In quel periodo Fonte fu importante ecclesiasticamente anche come pieve, con giurisdizione dell'Astego al Muson, da Santa Margherita di Pagnano a Sant'Andrea di Fietta, e la sua popolazione, come risulta da documenti del 1315, fu impegnata economicamente nella ricostruzione delle mura della città di Treviso.
Notizie precise riguardanti l'attuale territorio del comune di Fonte si hanno tuttavia solo a partire dalla presenza qui di Roma. Lo attestano anche i toponimi di Fonte e di Onè, che l'Olivieri fa rispettivamente derivare dalla presenza di diverse sorgenti e dalla rigogliosa crescita qui, nella foresta allora esistente, della pianta detta in latino "alnus", in italiano "ontano" e "ornèr" in dialetto veneto.
In quel tempo il territorio dell'attuale comune di Fonte apparteneva sicuramente alla centuriazione del "municipium" di Asolo, la romana "Acelum", e ciò è confermato dalla rete stradale appartenente a quel grande disegno agrario, tuttora abbastanza ben individuabile, e dai numerosi ritrovamenti archeologici risalenti a quell'epoca.

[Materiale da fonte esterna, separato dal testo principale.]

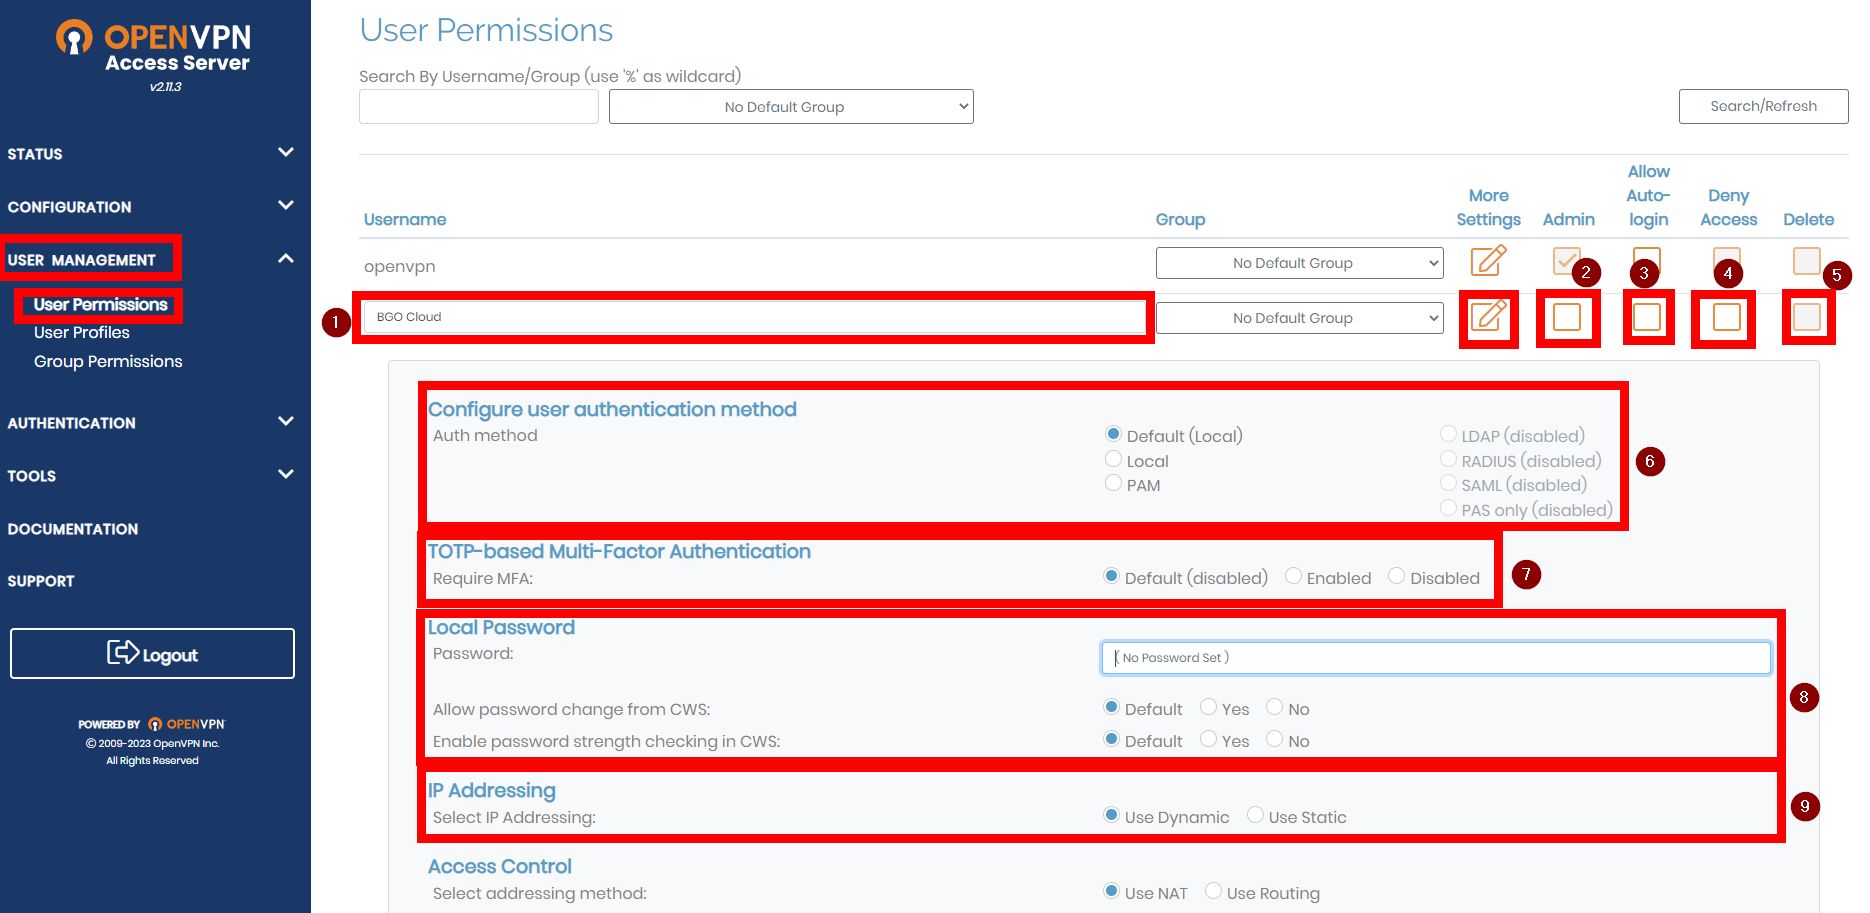 User Permissions panel overview

Il più interessante di questi, come ci viene confermato dal Furlani, è quello di una pietra trovata in località "Signoria": la famosa "Lapide di Velleio", ora conservata nel Museo Civico di Asolo. In questa stele funeraria, sopra l'effige a mezzo busto del defunto, che in origine era affiancata da quella di sua moglie, purtroppo ora mancante, è scolpita l'iscrizione "VELLEIUS T.F. FABI SIBI ET M.V.", che alcuni hanno interpretato come la conferma dell'assegnazione di Asolo alla tribù Fabia. Però consultando il libro "Storia della cultura veneta", edita dalla Neri Pozza nel 1976, il prof. Luciano Bosio, docente di Topografia dell'Italia antica nell'Università di Padova, nel capitolo che tratta "La X Regio e la divisione amministrativa" ascrive Asolo alla tribù Claudia come "Tarvisium" (Treviso), concordando in ciò con F. Sartori.

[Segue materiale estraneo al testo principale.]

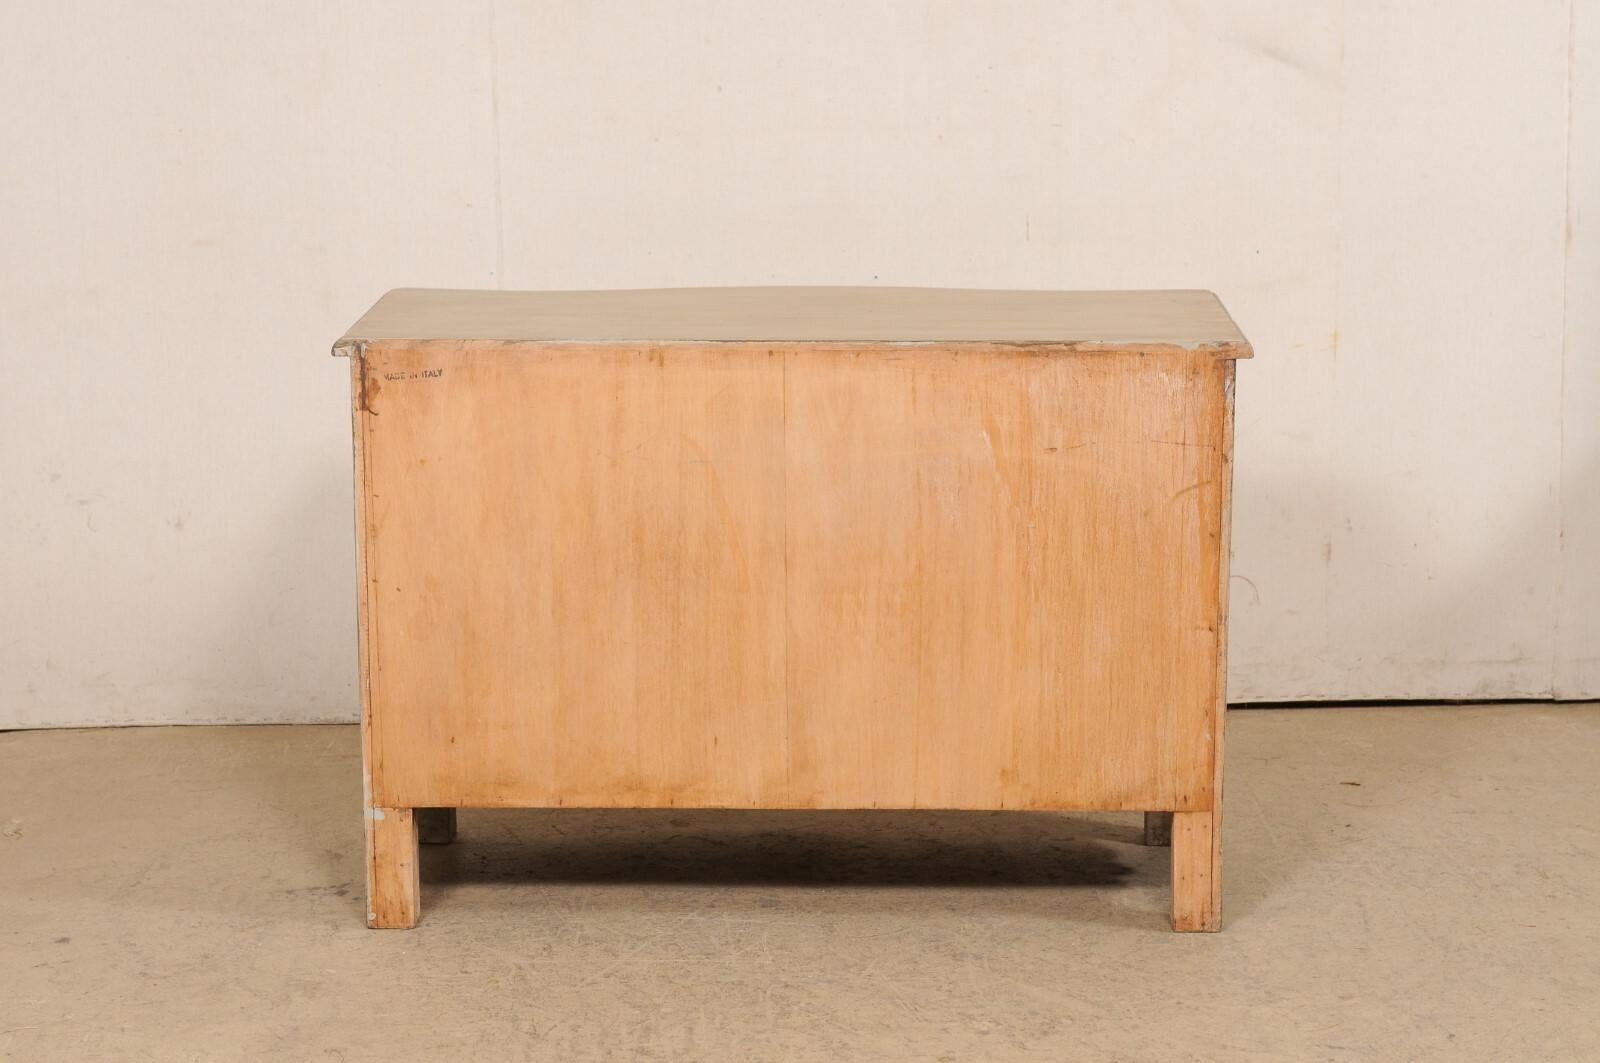 Italian Serpentine Three-Drawer Wooden Chest w/Scalloped Skirt, Mid 20th C. For Sale 7

Altri e importanti sono i ritrovamenti avvenuti in quest'area e risalenti all'epoca romana, fra i quali l'iscrizione funeraria di Tito Firmino ("T. FIRMUS T.F. TARVISANUS SIBI ET SUIS"), scoperta dal noto archeologo De Bon e da questi attentamente studiata e giudicata di grande interesse; il "cippo funerario di Manio Nevidio Faino", rinvenuto dall'abate Fusinari verso il 1878 e che lo storico Luigi Camavitto, studiandone le vicende, afferma provenire dalle rovine del castello di Fonte, distrutto dai Trevigiani nel 1260, alla fine delle lotte che portarono alla eliminazione cruenta della potente famiglia degli Ezzelini. Di altre importanti scoperte, appartenenti sempre all'epoca romana, ci parla anche l'archeologo Boccazzi, fra le quali cita il rinvenimento di fondazioni, di embrici e di un sepolcreto, individuato in località Breda, dove sono state trovate, oltre a interessanti corredi funerari, anche armille di bronzo.

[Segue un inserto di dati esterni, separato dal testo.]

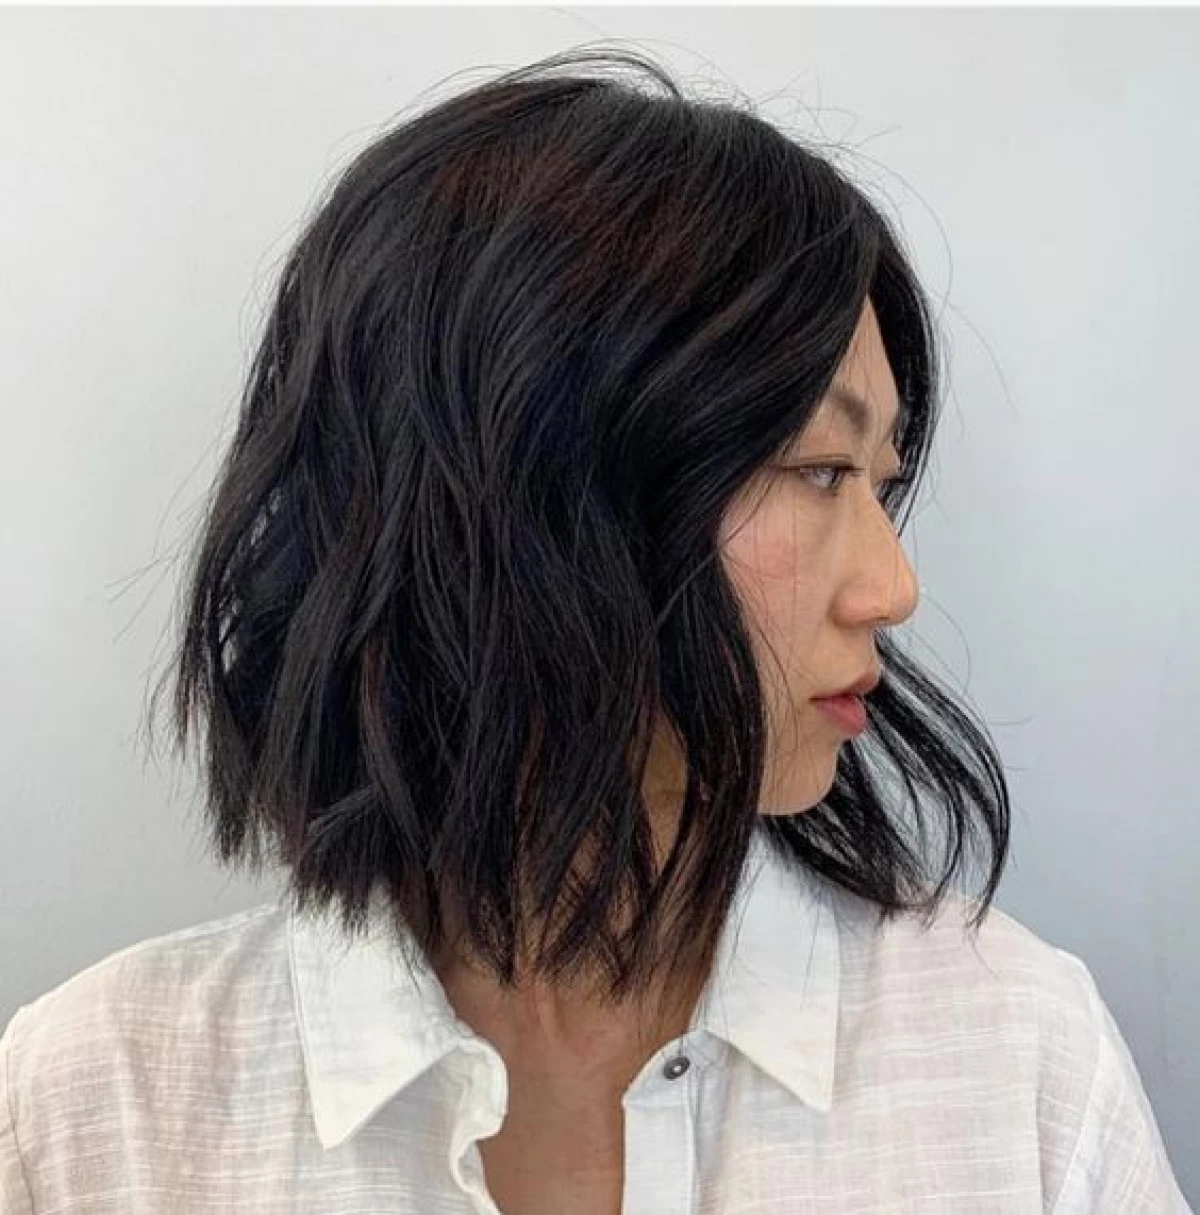 Super-stylish and simple styling on short black hair 4577_4

Tutto questo ci fa pensare che molti Romani abbiano voluto edificare le proprie abitazioni qui, nel territorio dell'attuale comune di Fonte, per la sua vicinanza al "municipium" di Asolo, oltre che per la sua salubrità e le sue bellezze naturali.
L'importanza dell'Asolano, e quindi anche di Fonte, aumentò dopo che i Romani costruirono la "via Aurelia", che, collegandolo a Padova, la romana "Patavium", ne favorì lo sviluppo economico. Infatti di qui, lungo questa strada, transitavano tutti i traffici commerciali asolani, specialmente quello della lana, diretti a Padova, il grande centro dove fioriva la lavorazione ed il commercio di questo prodotto. Di conseguenza aumentava, per la sua posizione geografica e strategica, anche l'importanza militare dell'intera area asolana, così che i Romani decidevano di fortificarla e di inserirla nelle grandi opere di difesa del territorio per prevenire e contenere le eventuali incursioni di popoli provenienti da al di là delle Alpi.
Queste fortificazioni, in seguito alla decadenza e alla fine dell'Impero romano d'Occidente, non riuscirono tuttavia a fornire una adeguata ed efficace protezione agli abitanti di queste zone al sopraggiungere delle grandi invasioni barbariche, fra le quali, nel 452, quella disastrosa di Attila, re degli Unni, che secondo la tradizione incendiò e distrusse Asolo. Altre invasioni fecero seguito a questa e così molti abitanti, anche a causa di un violento terremoto e all'insorgere di gravi epidemie, lasciarono l'Asolano.
I primi abitatori dell'attuale territorio del comune di Fonte furono probabilmente i Neolitici i quali avrebbero trovato rifugio nelle grotte delle colline asolane e sarebbero stati protagonisti di una civiltà che aveva nella lavorazione della pietra il carattere dominante. Lo attestano le numerose testimonianze giunte fino a noi e che si possono far risalire ad un periodo stimato tra i 5.000 e i 2.500 anni prima della nascita di Cristo. Ma forse questi antichi abitatori potrebbero essere stati preceduti da altri che avrebbero fissato qui il loro insediamento, in quanto la positura del territorio, l'esposizione al sole delle colline, la presenza di corsi d'acqua e le numerose sorgenti potevano averlo favorito. La scoperta di copiosi reperti archeologici in località "Sorgente" ed i numerosi reperti litici, trovati in tutta l'area, stanno comunque ad indicare che antichi abitatori avevano certamente scelto questa zona, installandovi le "fabbriche" per la lavorazione dei propri utensili e delle loro armi in pietra.
A quel tempo il territorio doveva presentare aspetti ben diversi dall'attuale e comunque, dopo l'ultima glaciazione, in lenta ma costante evoluzione. Gli abitanti di allora dovevano probabilmente essere succeduti ai Protoliguri o Liguri antichi, un popolo stanziato in tutto il bacino del Mediterraneo, e che nell'Asolano avevano fissato proprio a Fonte una delle loro sedi.